WORK REQUIRED:
The answer should be the exact lines from the line containing "filippo-rinaldi-italia-under-17-2-16-03-2019" through the last line of the material below, with no pictures.

SUPPLIED MATERIAL:
-- Opening Marker --

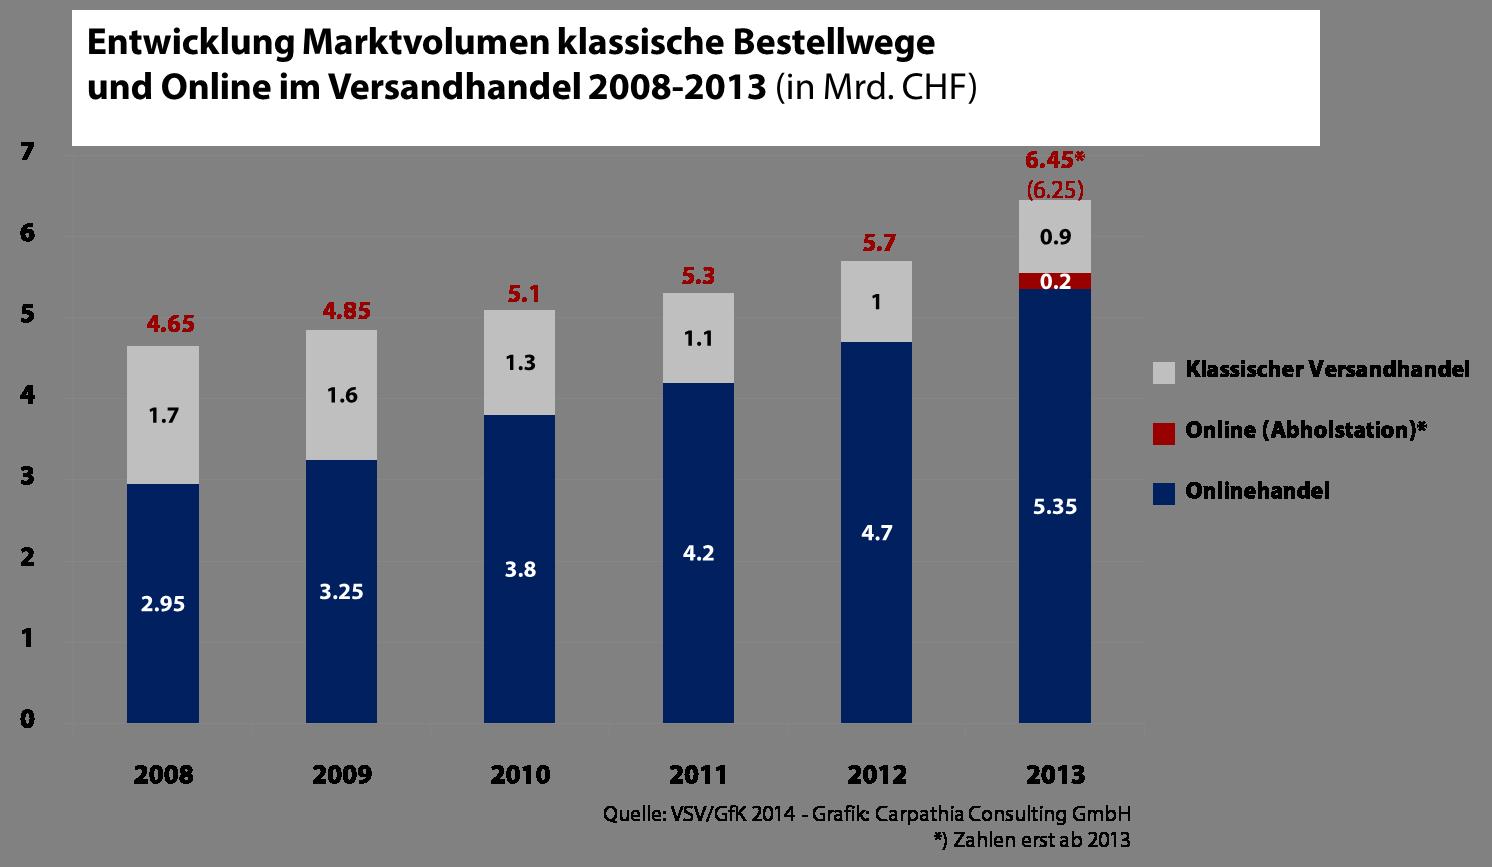 Entwicklung Marktvolumen klassische Bestellwege / Quelle: VSV/GfK - Grafik: Carpathia
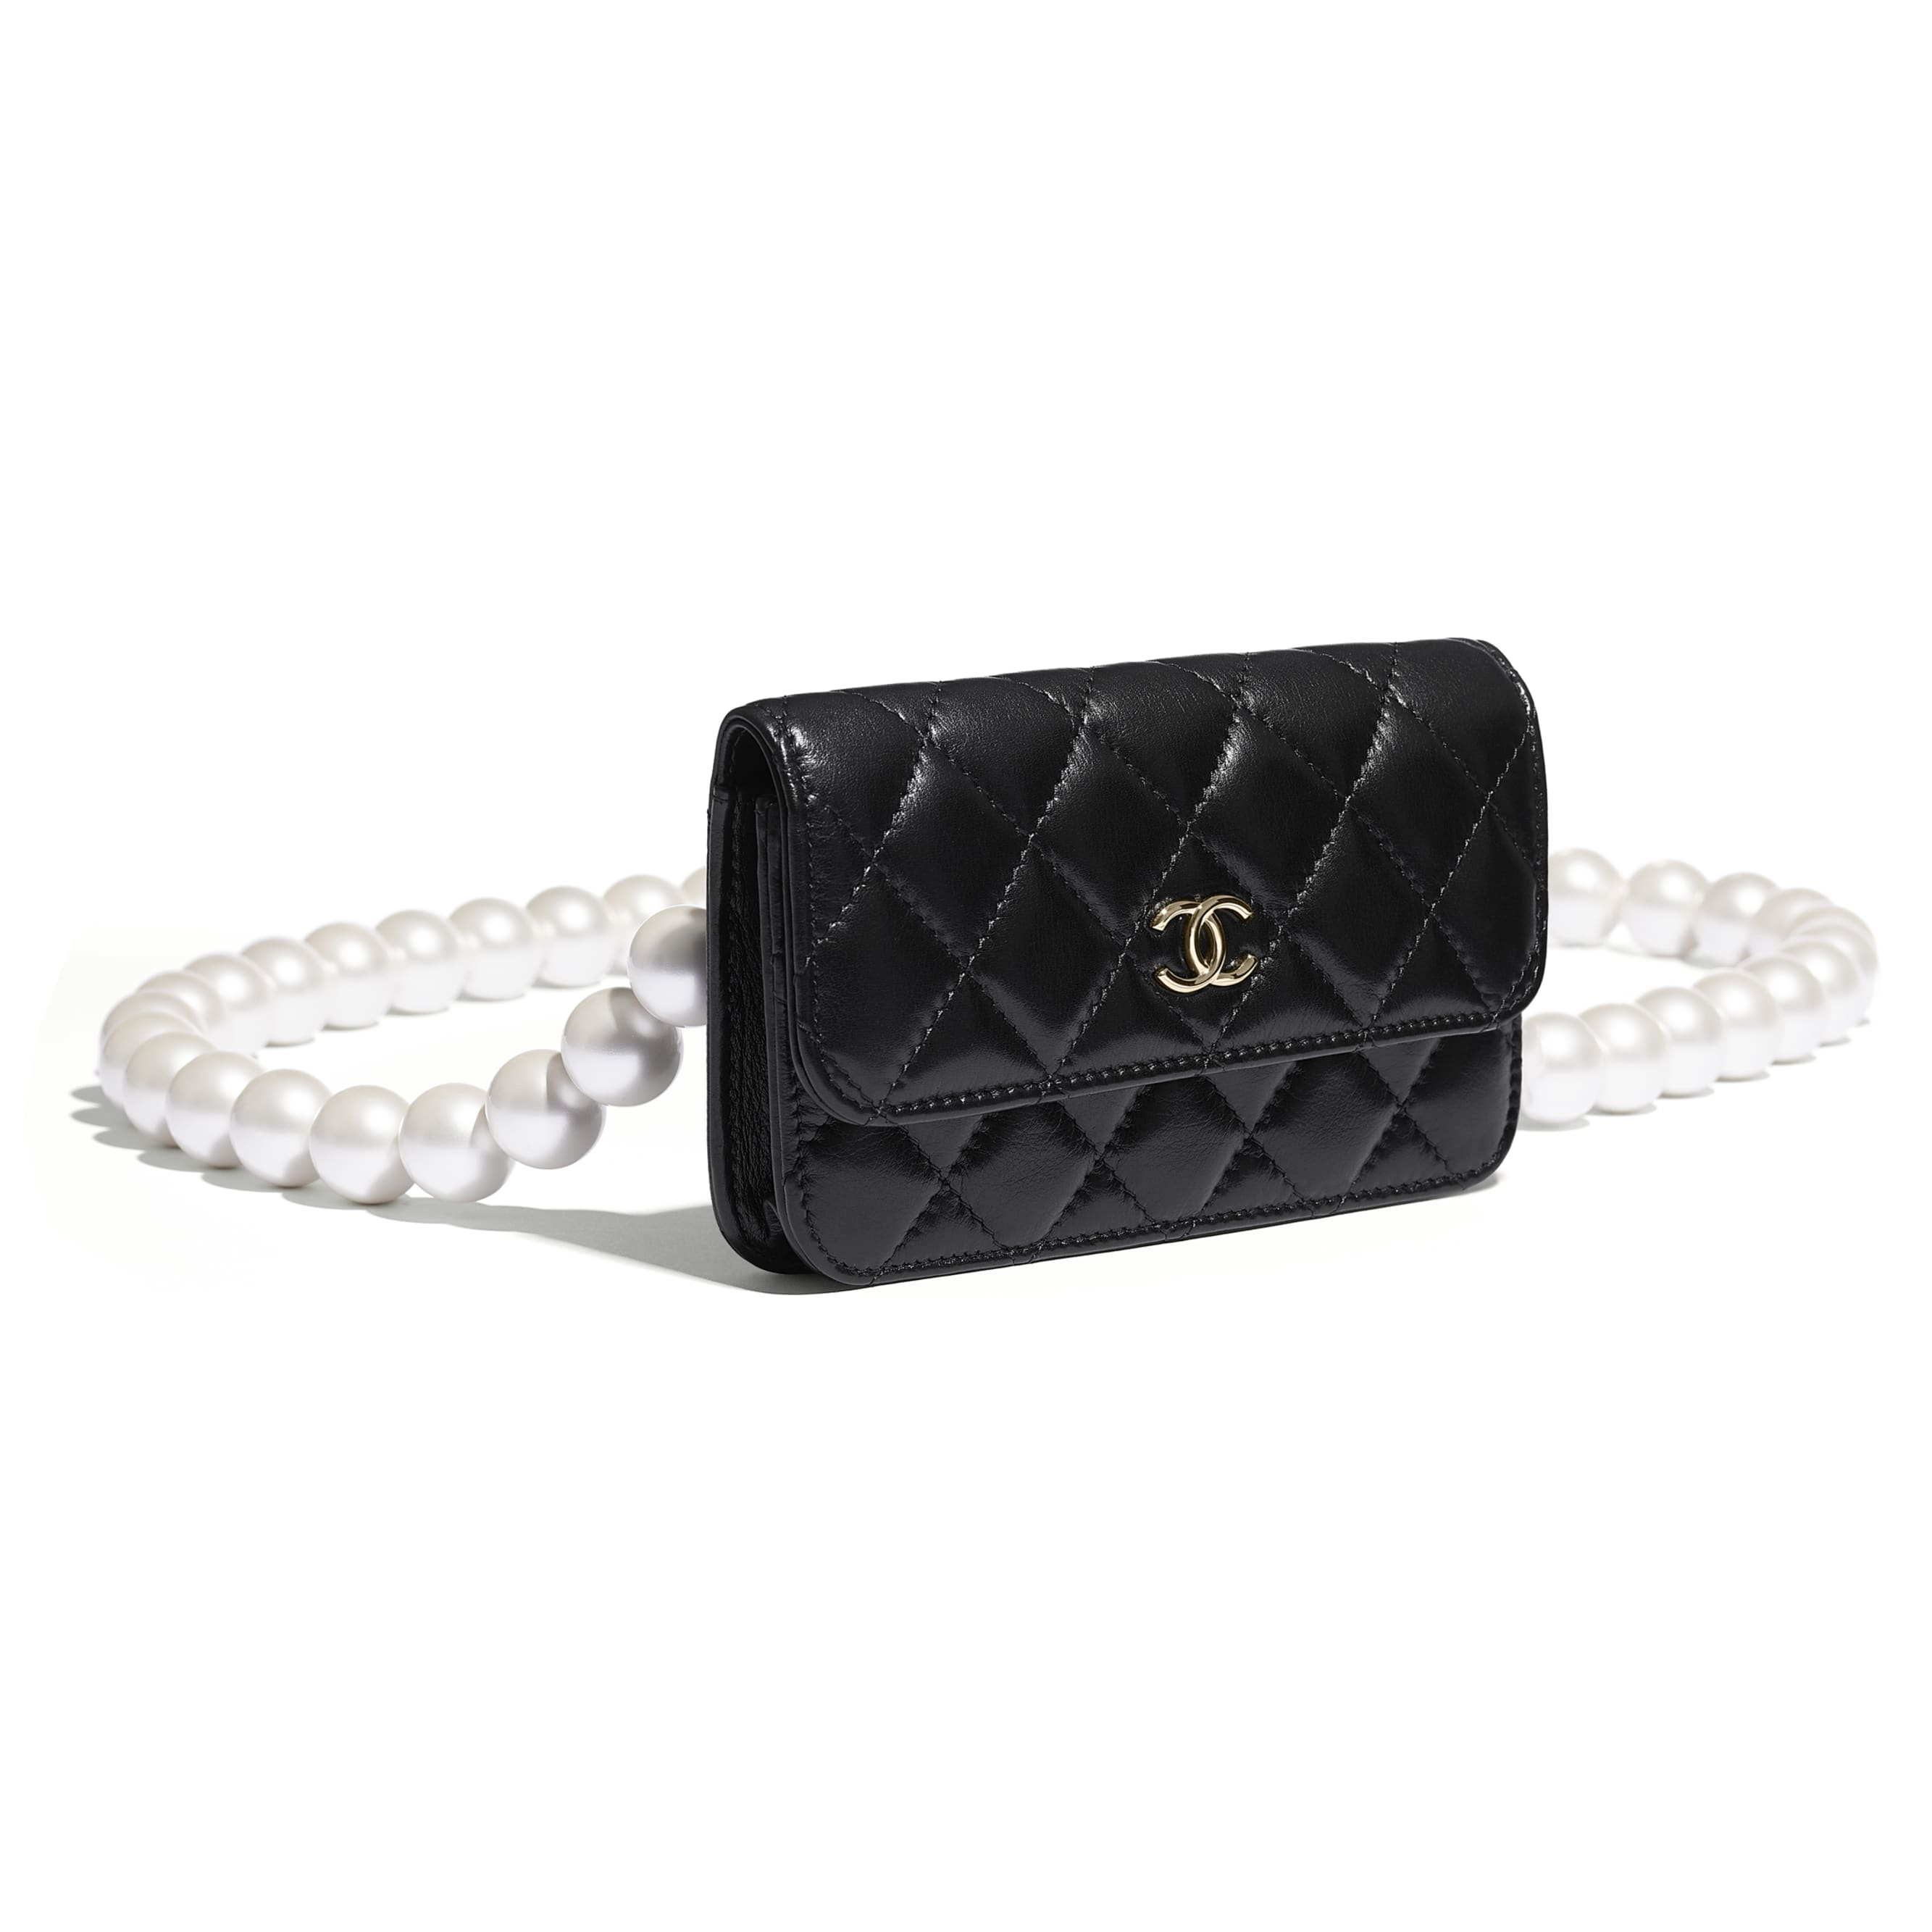 Bolso de mano con cadena - Negro - Piel de ternera, perlas artificiales y metal dorado - CHANEL - Otra vista - ver la versión tamaño estándar
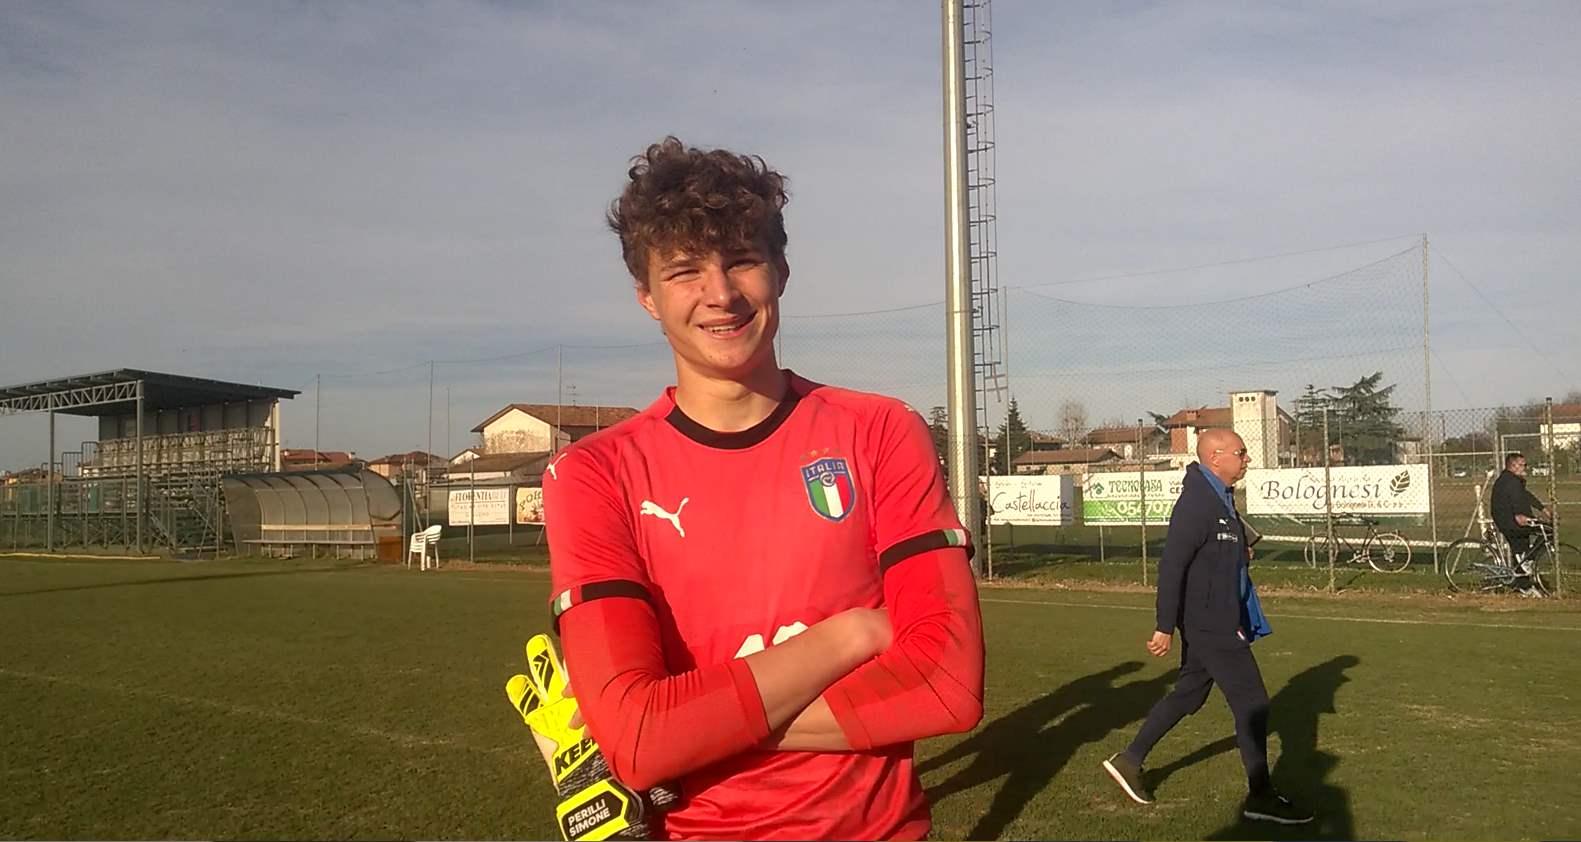 filippo-rinaldi-italia-under-17-2-16-03-2019
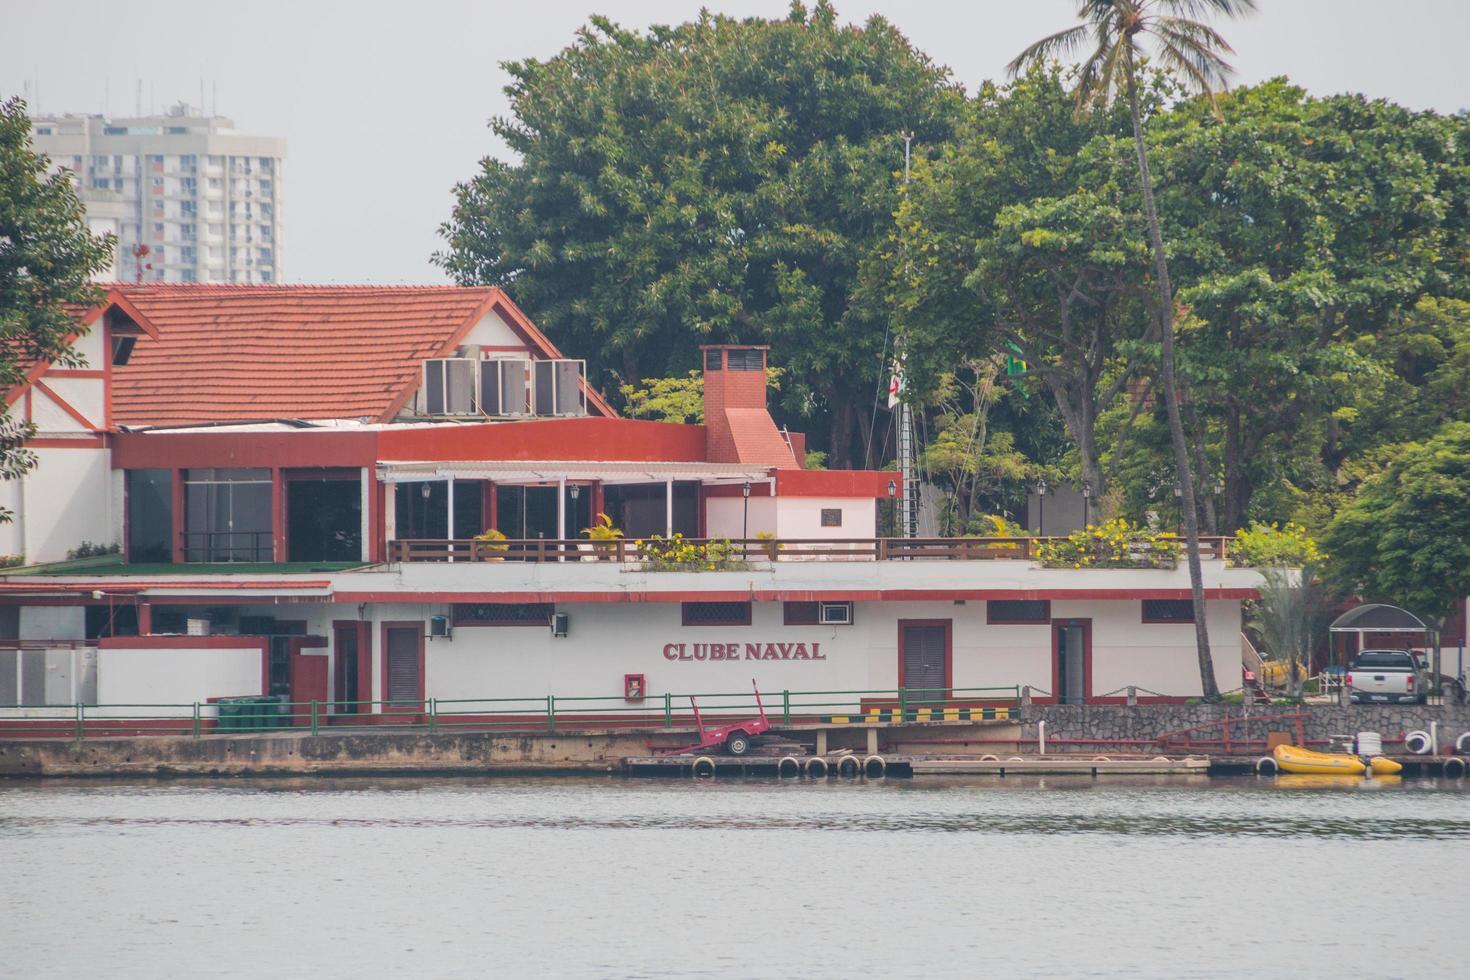 club navale a lagoa rodrigo de freitas a rio de janeiro, brasile foto

-- Closing Marker --

RESPONSE TO THE EXERCISE:
 filippo-rinaldi-italia-under-17-2-16-03-2019
 club navale a lagoa rodrigo de freitas a rio de janeiro, brasile foto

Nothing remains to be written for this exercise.